34 In my view, the substance of the employee entitlement claim, the central and critical aspects of it, and its subject matter, relate to payments by the employers, as such, for the benefit of the employees, as such. The payments relate to particular aspects of the remuneration to be received by employees for service to their employer (that is, employee entitlements in respect of severance pay and leave) and belong to and are within the sphere of the relationship between Electrolux and its employees, as such. In so far as there may be some circumstances where amounts paid on account can accrue to the benefit of the trust fund, and interest earned on payments made by the employer is to be paid to the trustee for its services, such provisions are ancillary or incidental aspects of the matter to which the claim relates and do not alter the substantive characterisation of that matter.

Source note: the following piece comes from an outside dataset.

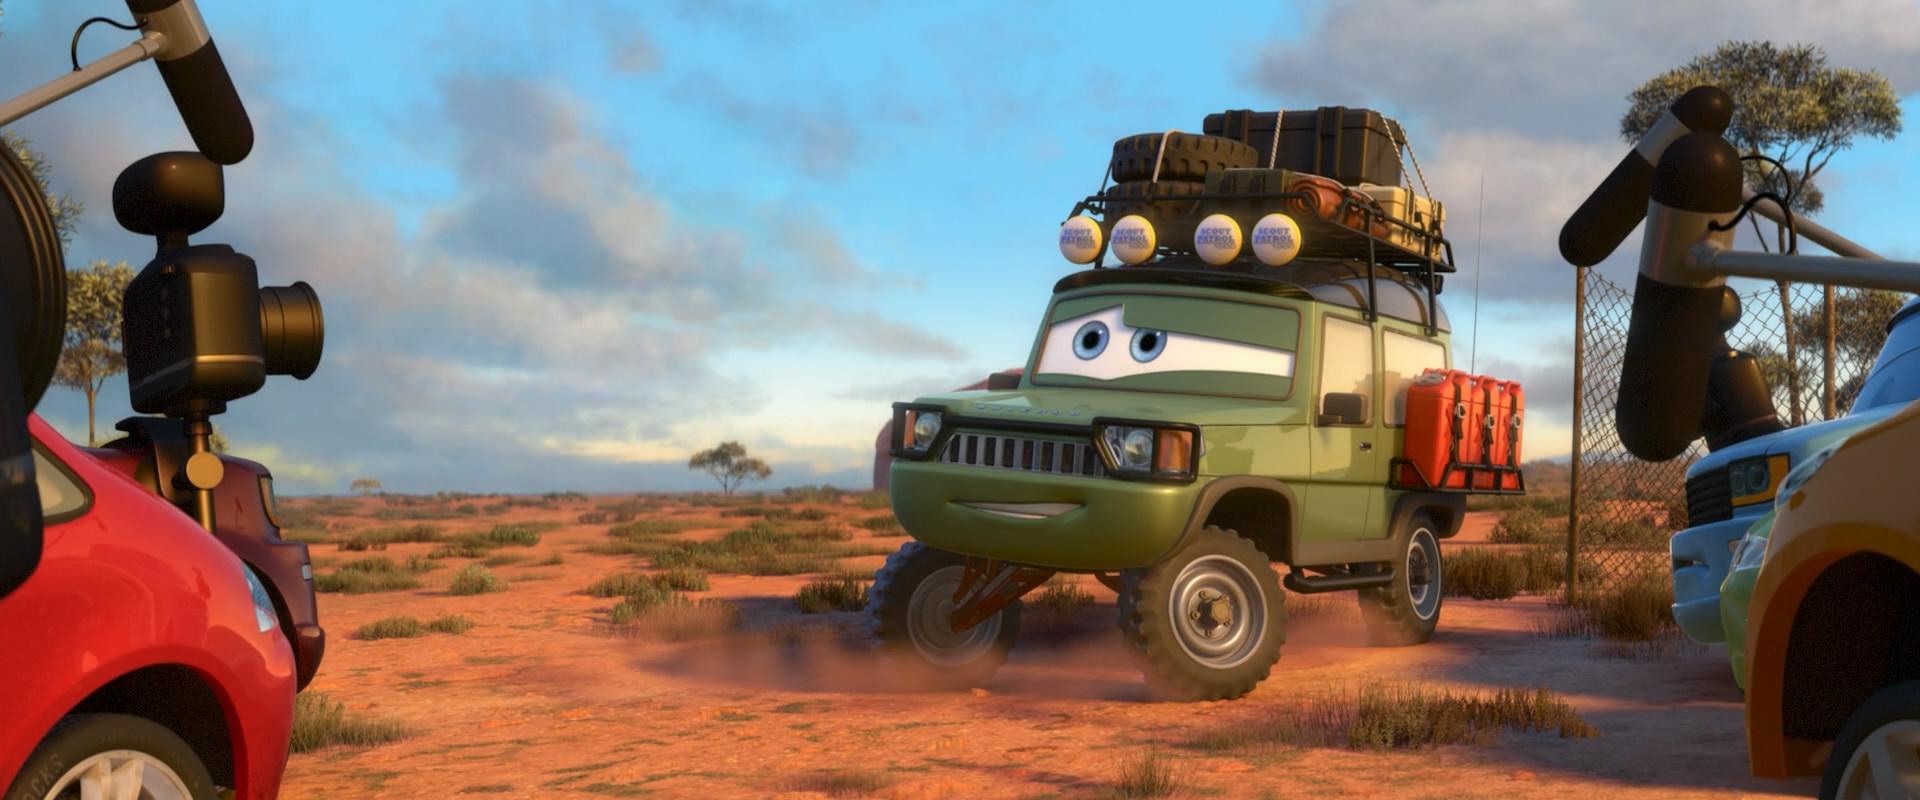 La voiture du film Cars 2 que vous aimeriez voir en miniature Mattel ! - Page 9 Cars_221

35 In Transfield Pty Ltd v Automotive, Food, Metals, Engineering, Printing and Kindred Industries Union (C 2001/4495) (“the Transfield Commission decision”) Justice Munro concluded (at [72]) that a union claim against an employer to make monthly contributions to the Manusafe Trust Fund for the protection of workers’ entitlements was not a matter pertaining to the employment relationship. His Honour (at [65]) accepted that a claim on an employer to accept a duty, or to grant an employee a right, that assures or makes more effective the payment in due course of an entitlement to accrued benefits related to service as an employee as they fall due, is a matter belonging within the employment relationship. However, his Honour (at [70]-[72]) found that certain special features of Manusafe took it outside that relationship. The features include use of investment income on contributions for the benefit of the trust rather than employees, the general discretions conferred on the trustee that leave in doubt the right to payment of entitlements, uncertainty as to portability, the investment objectives of the trust, and other matters that his Honour suggested contributed to “the hybrid character of the Manusafe Fund”. His Honour contrasted the clear and explicit duties and legal framework in respect of employee superannuation entitlements which he said, unlike the Manusafe Fund, enjoyed a legislative and systematic supporting infrastructure.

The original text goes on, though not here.